# Required work:
Here is the task for the listing below: output exactly the lines from the one containing "big fat rock bundle by image sounds" through the one containing "Foto: Playspace ficha", and leave out the pictures.

# Records shown:
────────────────
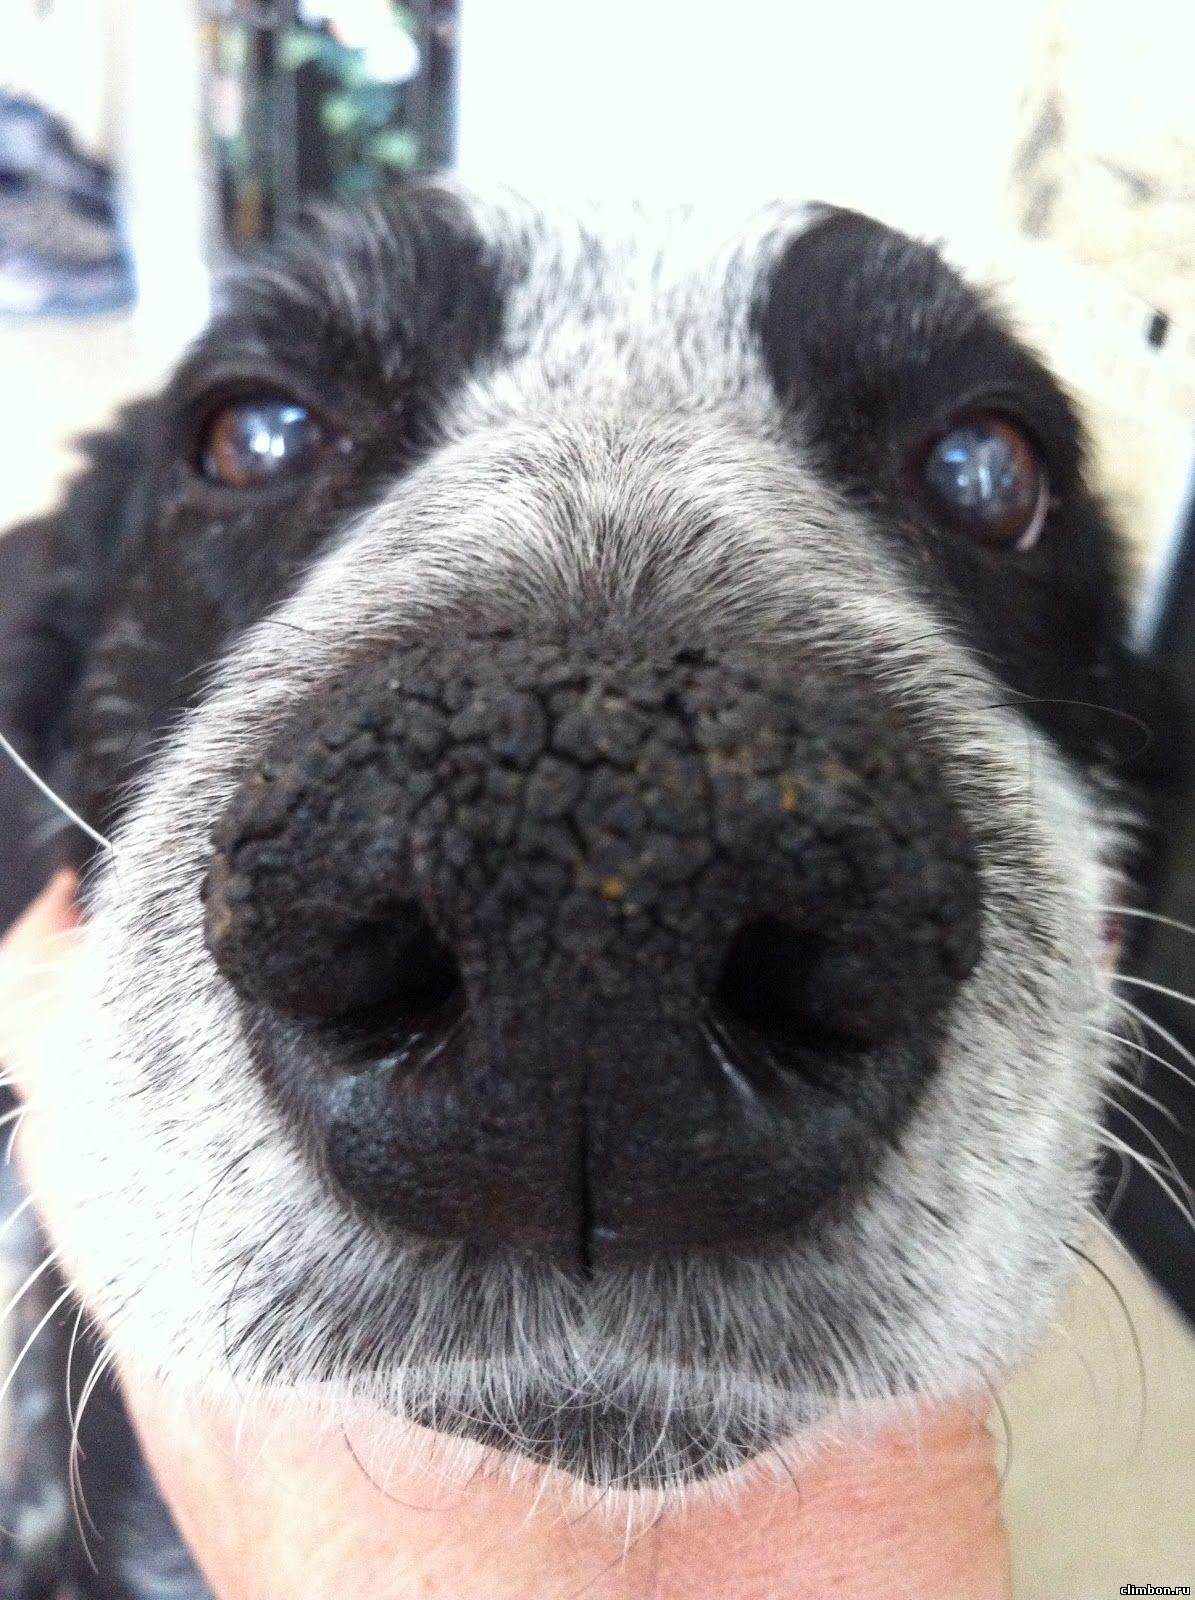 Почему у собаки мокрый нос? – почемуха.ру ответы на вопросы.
────────────────
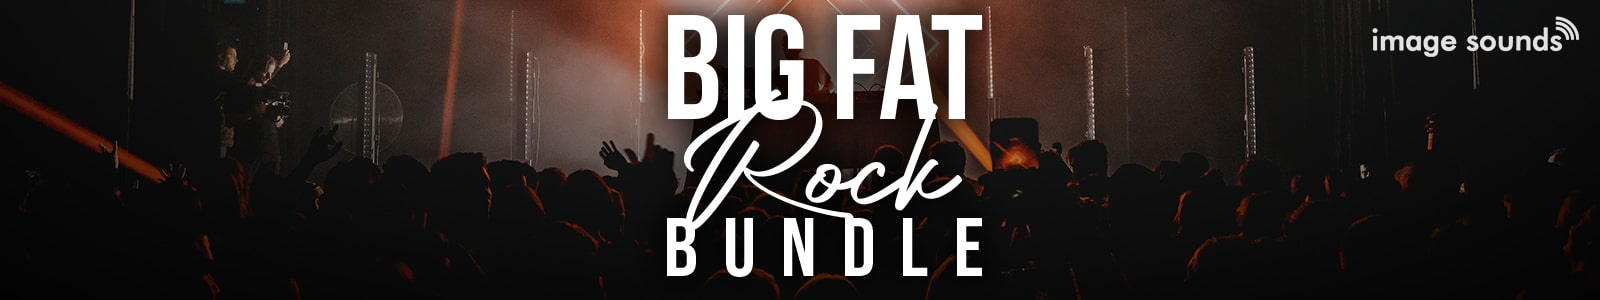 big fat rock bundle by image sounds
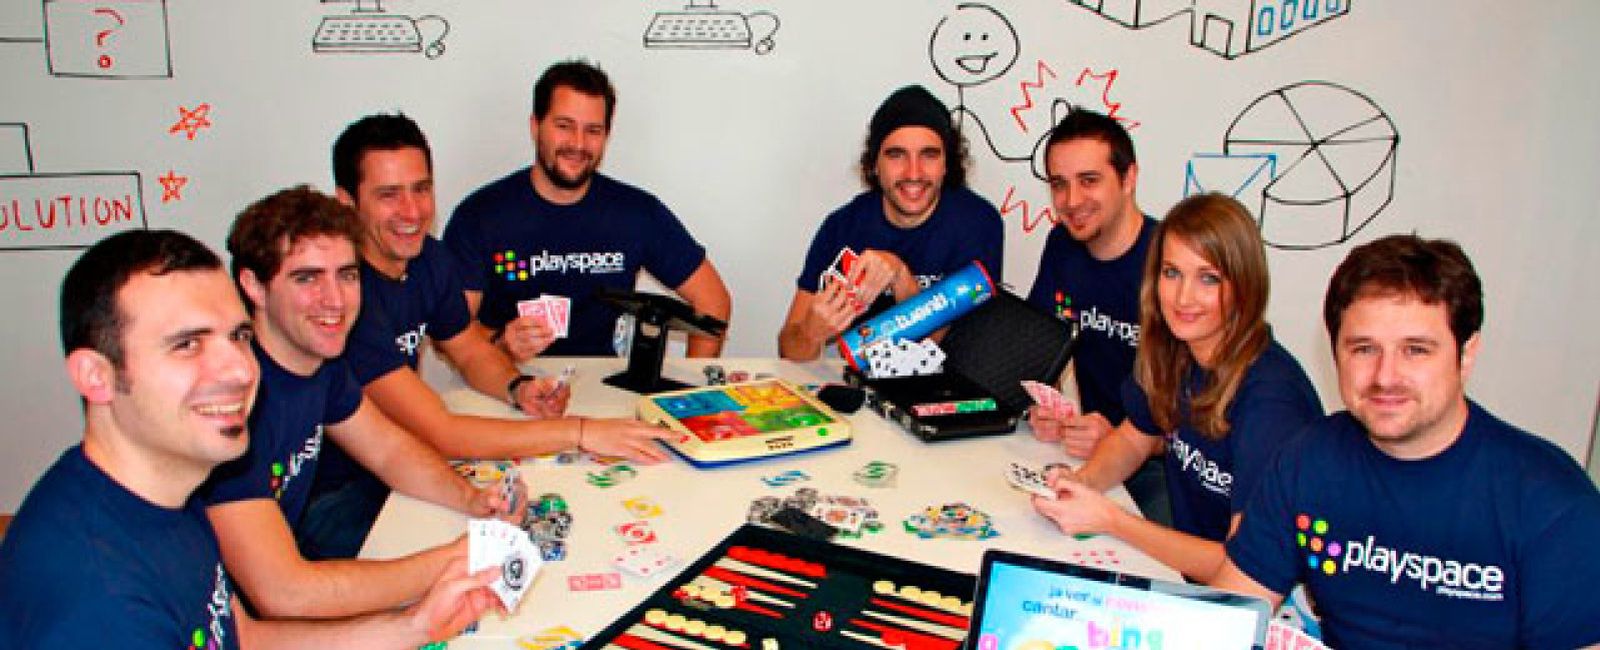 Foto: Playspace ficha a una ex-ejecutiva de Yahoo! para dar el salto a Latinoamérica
────────────────
# Result of the task:
 big fat rock bundle by image sounds
 Foto: Playspace ficha a una ex-ejecutiva de Yahoo! para dar el salto a Latinoamérica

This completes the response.